__What you will do__:
Return each line below exactly as it reads, and omit any image in it.

__Input data__:
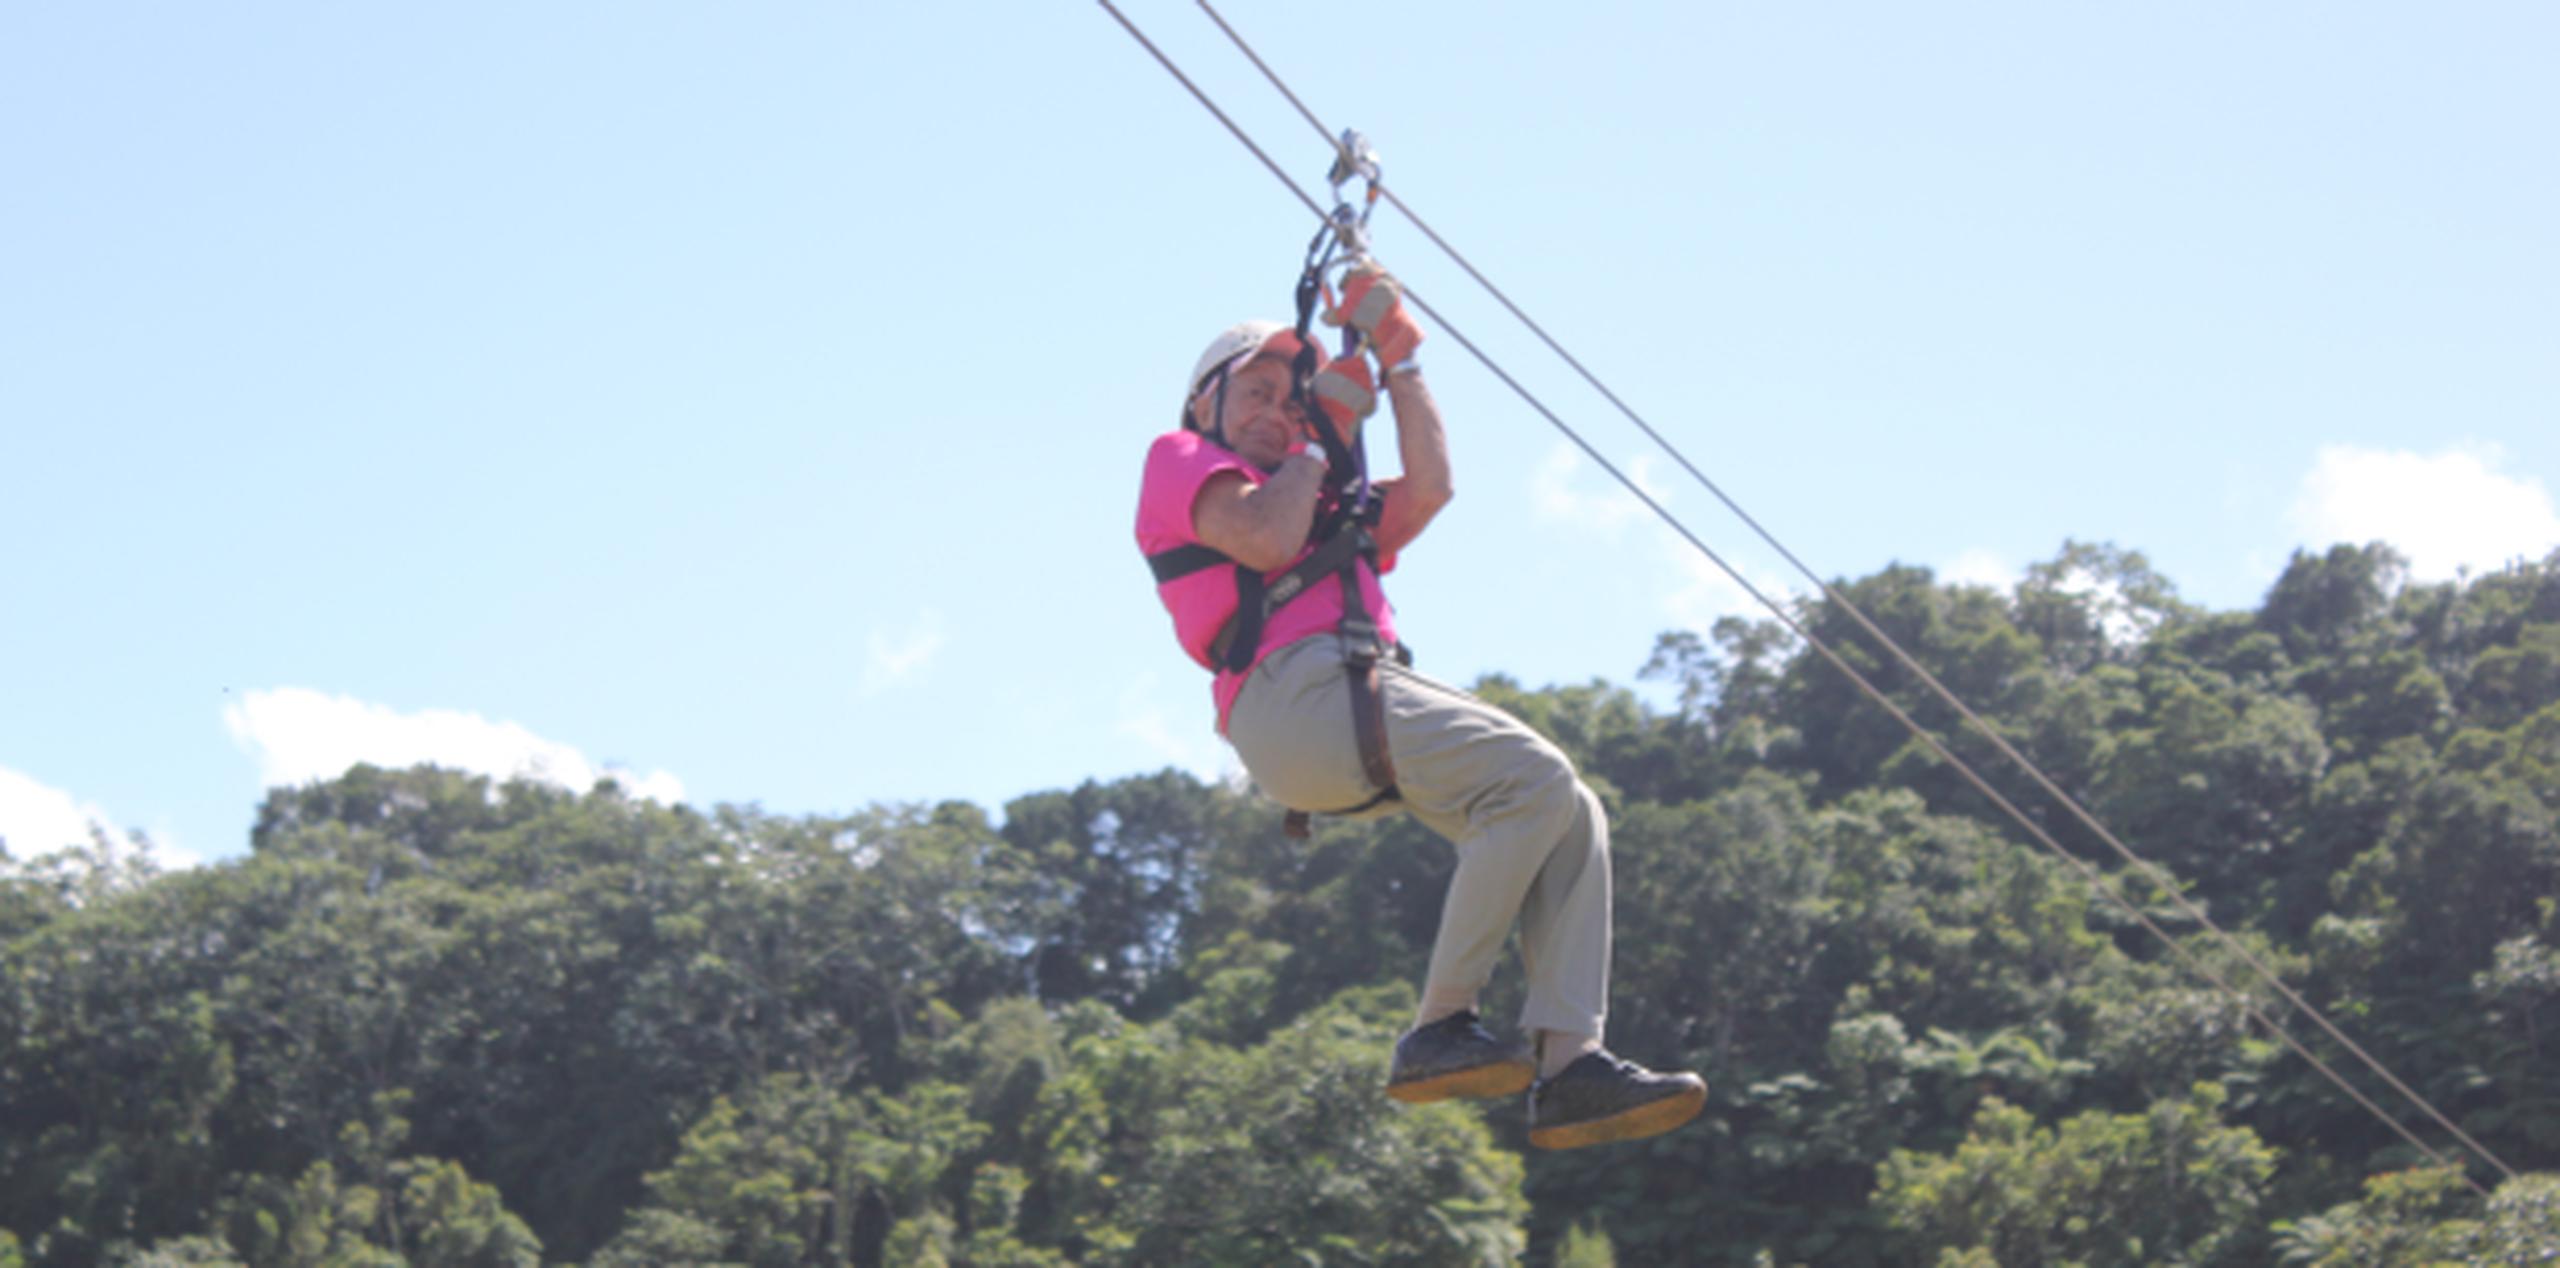 En la lista de las actividades extremas escogidas por Biga, claro que está viajar por el aire en hang gliding... ¡y con la tranquilidad que se la vive! (Suministrada)
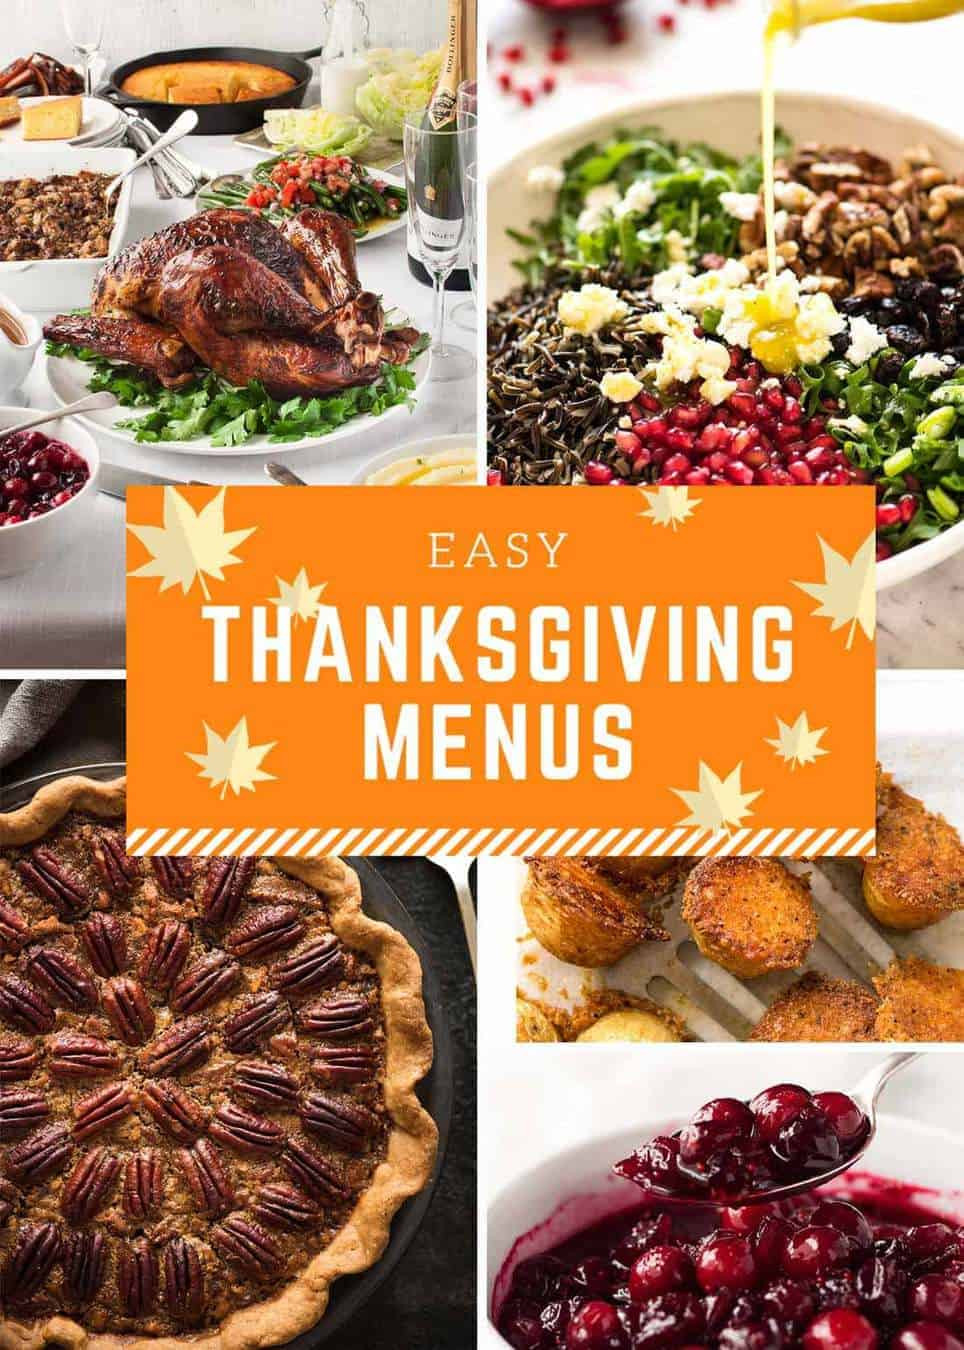 Easy Thanksgiving Food
 Easy Thanksgiving Menus
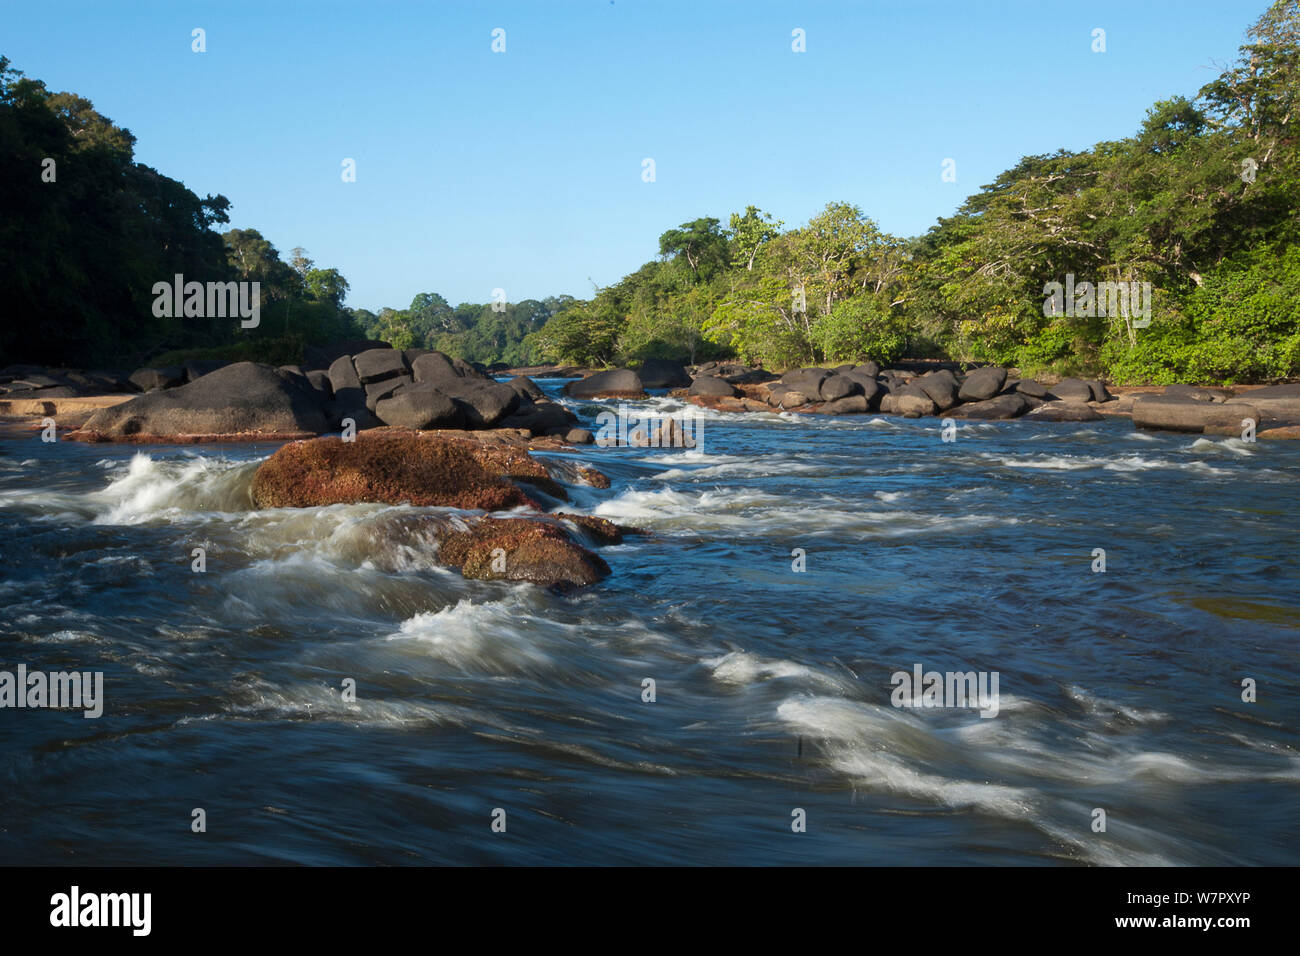 Gran Rio flowing through the Awadan Rapids. Central Suriname, September. Stock Photo
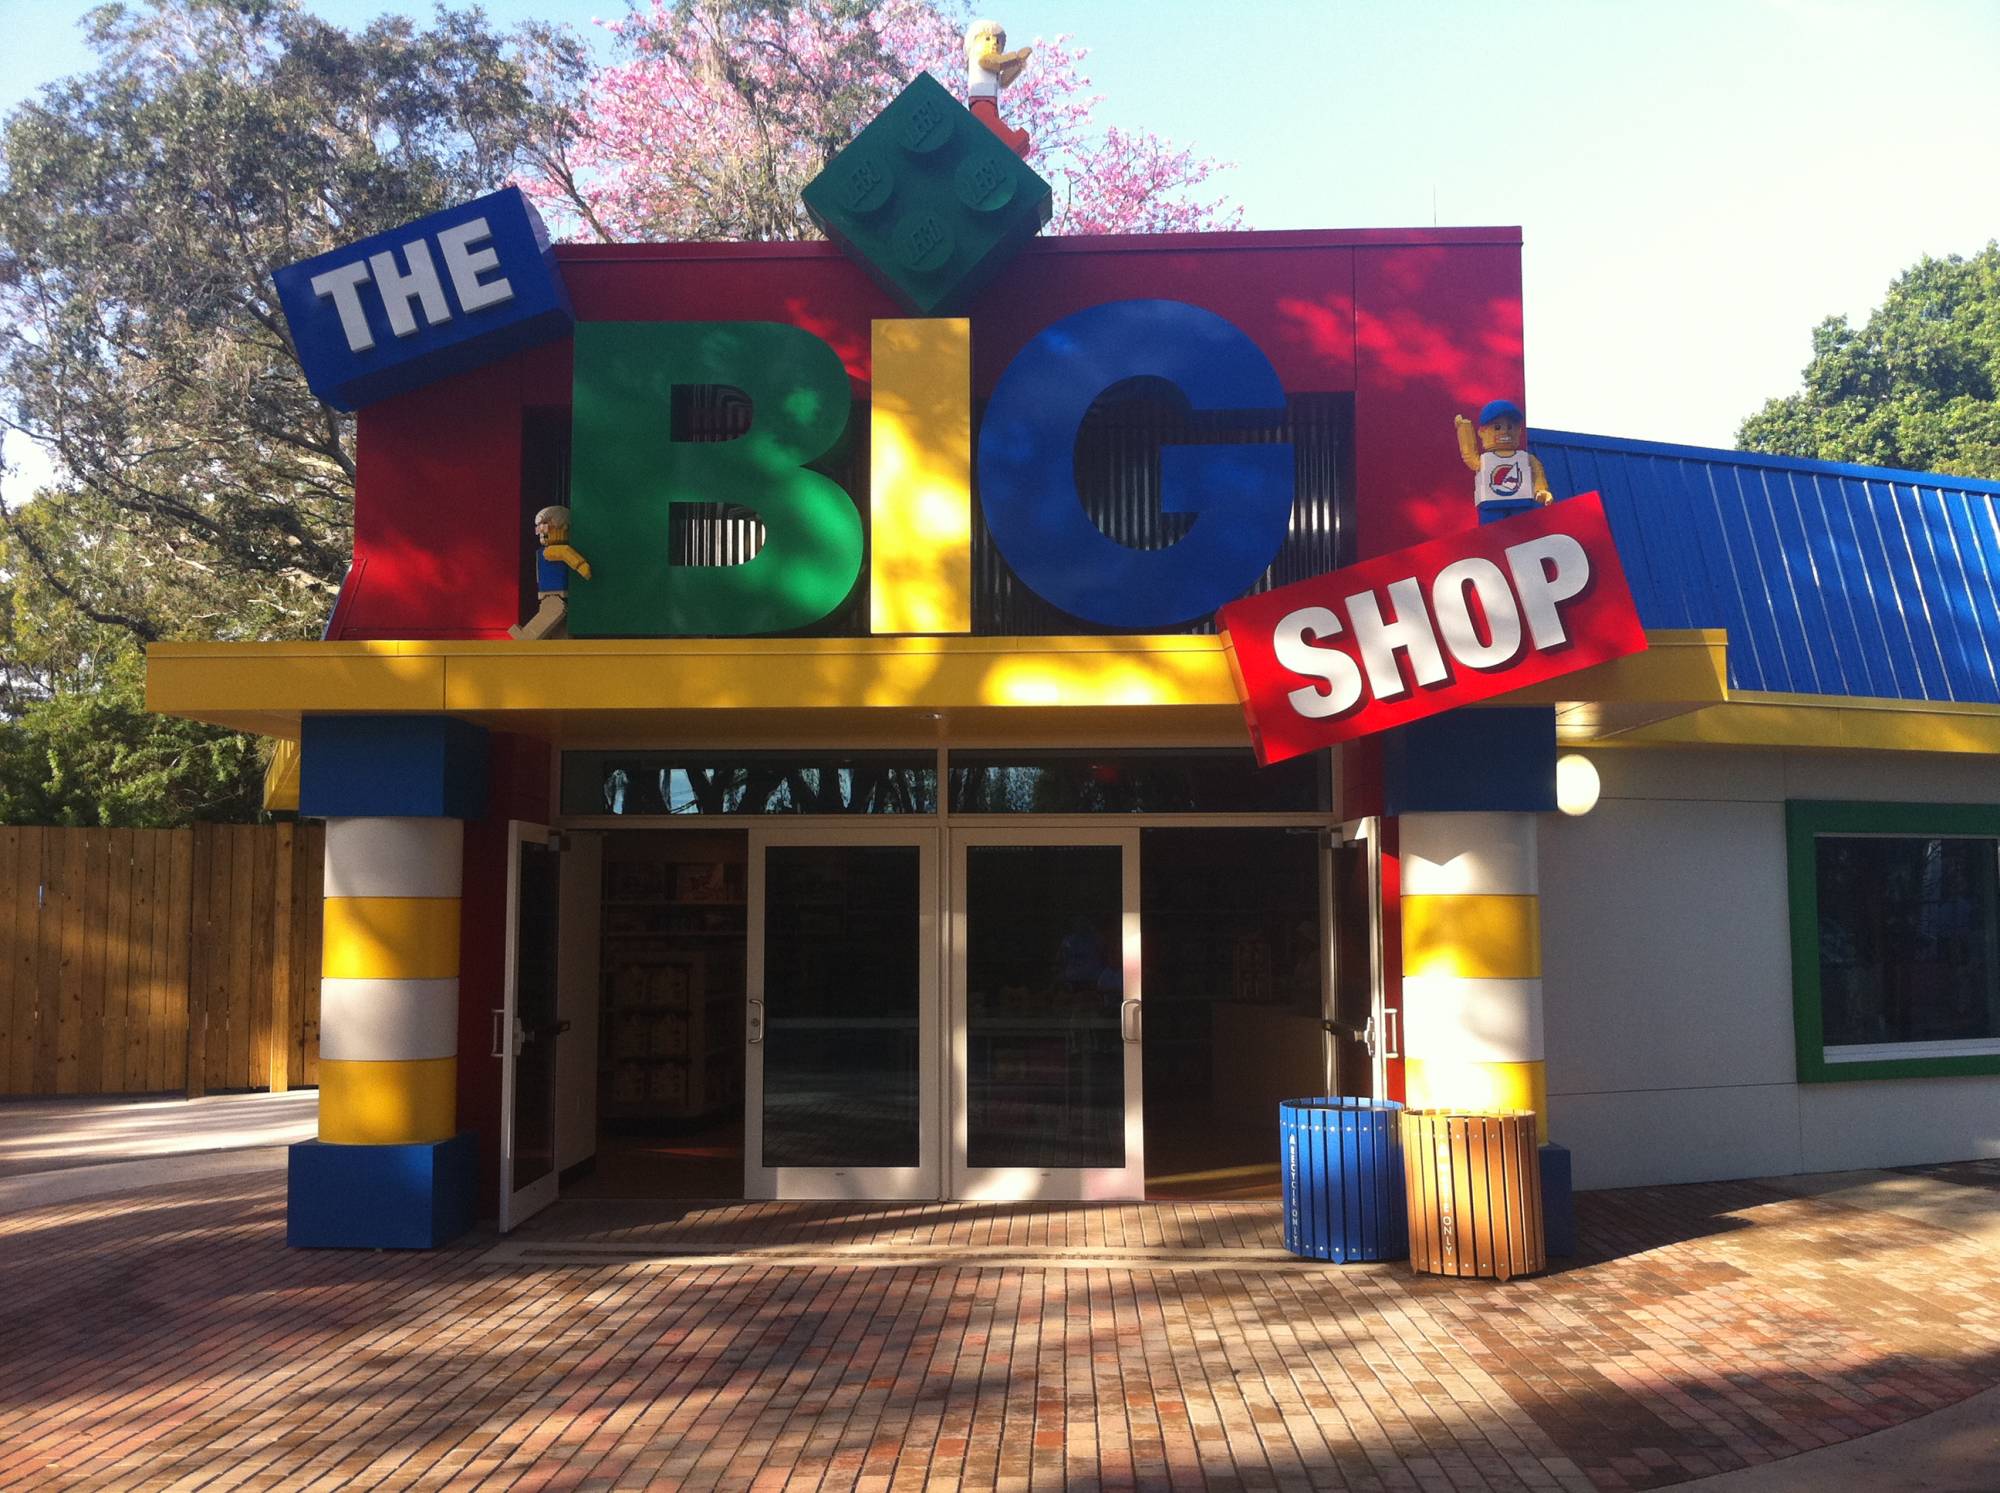 The Big Shop at LEGOLAND Florida

__Exercise output__:
 En la lista de las actividades extremas escogidas por Biga, claro que está viajar por el aire en hang gliding... ¡y con la tranquilidad que se la vive! (Suministrada)
 Easy Thanksgiving Food
 Easy Thanksgiving Menus
 Gran Rio flowing through the Awadan Rapids. Central Suriname, September. Stock Photo
 The Big Shop at LEGOLAND Florida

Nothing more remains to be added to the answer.